The same example using java would be something like this. This example runs locally with one thread. In this case it is necessary to include both Denodo's Spark dialect and Denodo's JDBC Driver in the classpath.

// First of all, we register the dialect

DenodoDialect$ denodoDialect = DenodoDialect$.MODULE$;

JdbcDialects.registerDialect(denodoDialect);

// Create a SparkSession. Master specifies the master URL for a distributed

// cluster, in this case local to run locally with one thread.

final SparkSession spark =

  SparkSession.builder().appName("DenodoTest").master("local[*]").getOrCreate();

// Load data from a Denodo JDBC source

Dataset<Row> df =

spark.read().format("jdbc").option("url", "jdbc:vdb://localhost:9999/admin")

  .option("driver", "com.denodo.vdp.jdbc.Driver").option("dbtable", "bv_employees")

  .option("user", "admin").option("password", "admin").load();

// Select the "id" and "email" column and add a filter for emails

// containing "%com.com%"

df.select("id","email")

  .filter(col("email").contains("%com.com%")).show();

// Select the "id" and "first_name" columns and add a filter for "first_name"

// equals "Carlos"

df.select("id","first_name")

  .filter(col("first_name").equalTo("Carlos")).show();

// Select the "id", "first_name" and "salary" columns and add a filter for

// first_name" equals "Carlos" and "salary" greater than 90000

df.select("id","first_name", "salary")

  .filter(col("first_name").equalTo("Carlos"))

  .filter(col("salary").$greater(90000)).show();

// Select the "id", "first_name" and "salary" columns and add a filter for

// first_name" equals "Carlos" and "salary" greater than 90000. We also add

// a where clause for "id" between 300 and 500

df.select("id","first_name", "salary")

  .filter(col("first_name").equalTo("Carlos"))

  .filter(col("salary").$greater(90000))

  .filter(col("id").between(300,500)).show();

// Select the "id", "first_name" and "salary" columns and add a filter for

// first_name" equals "Carlos", "salary" greater than 90000 and

// "registration_dttm" greater than "2016-02-02 21:04:03". We also add

// a where clause for "id" between 300 and 500

df.select("id","first_name", "salary","registration_dttm")

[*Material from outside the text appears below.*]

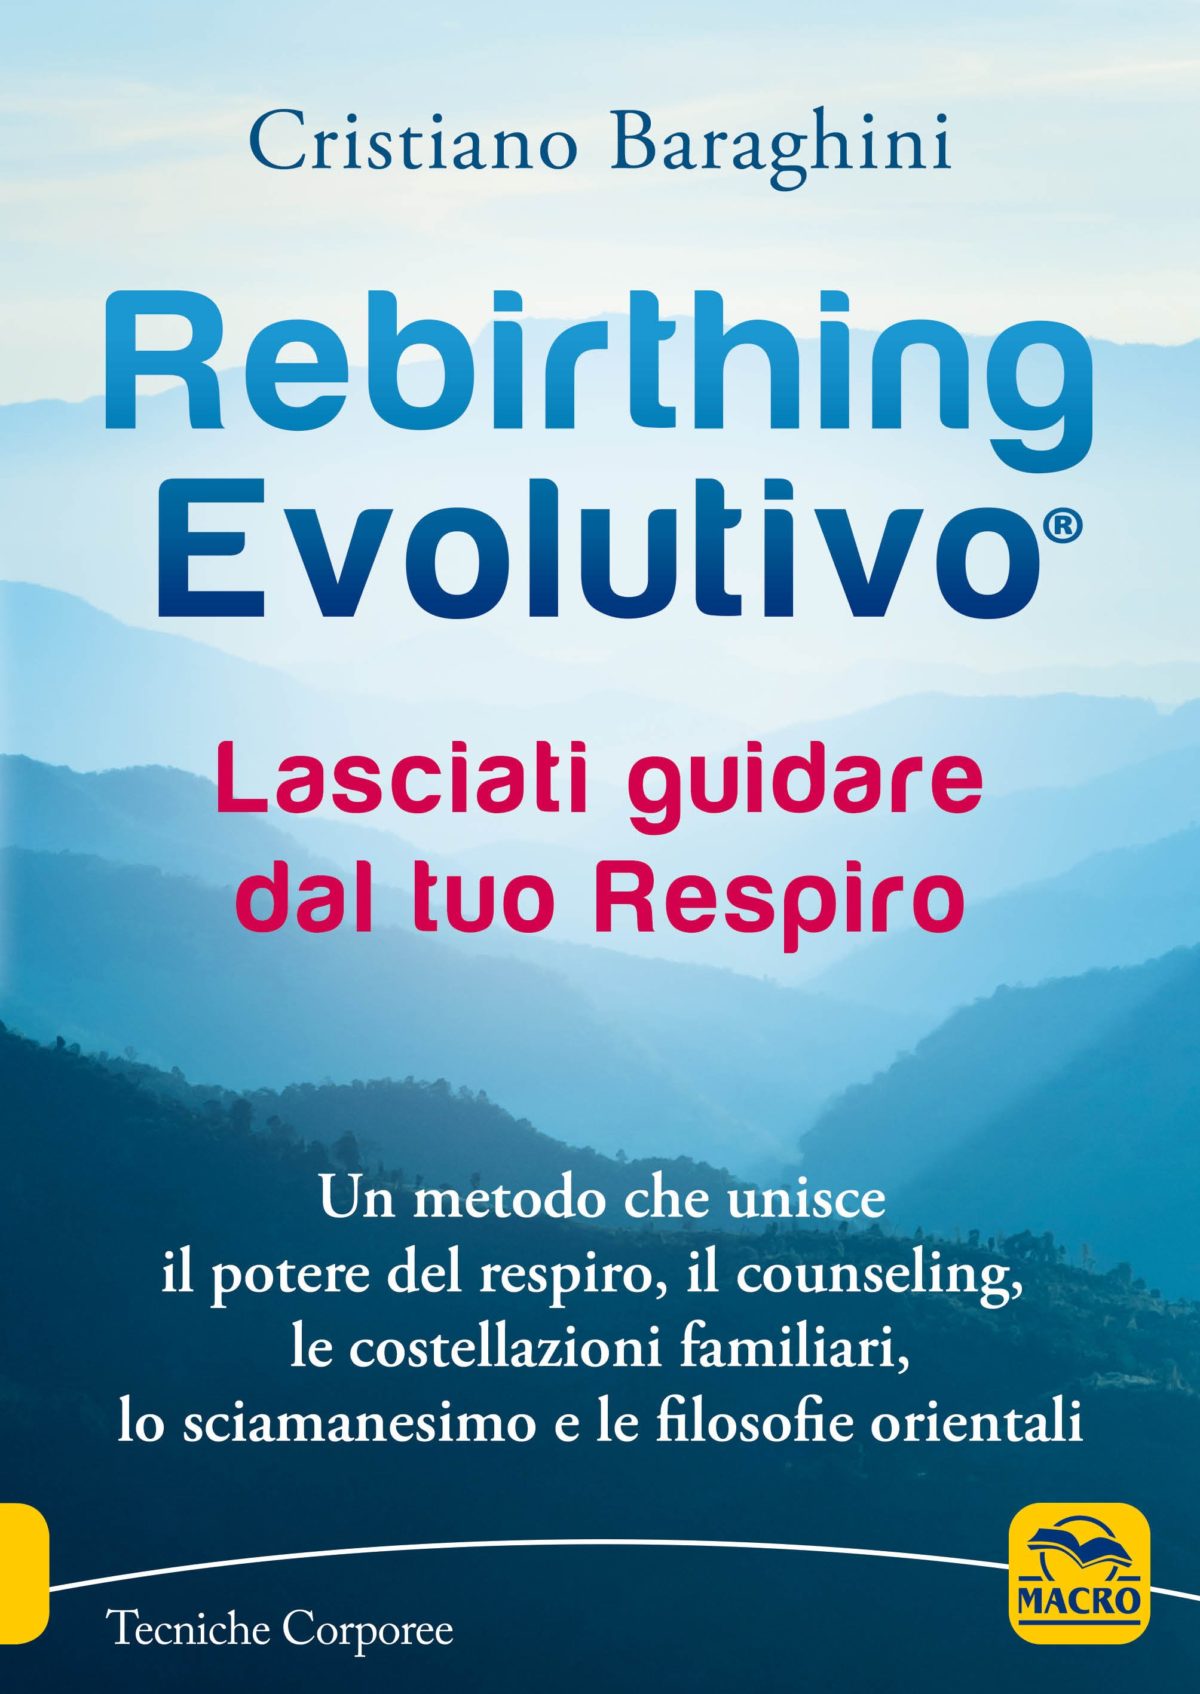 rebirthing-evolutivo-copertina

  .filter(col("first_name").equalTo("Carlos"))

  .filter(col("salary").$greater(90000))

  .filter(col("id").between(300,500))

  .filter(col("registration_dttm").$greater$eq("2016-02-02 21:04:03")).show();

Limitations

Composite Types

Can not work with composite Denodo types, like array and register. If a projection or filtering is applied to any of these data types, it will be treated as a String.

Read-only

This dialect is only designed for reading operations.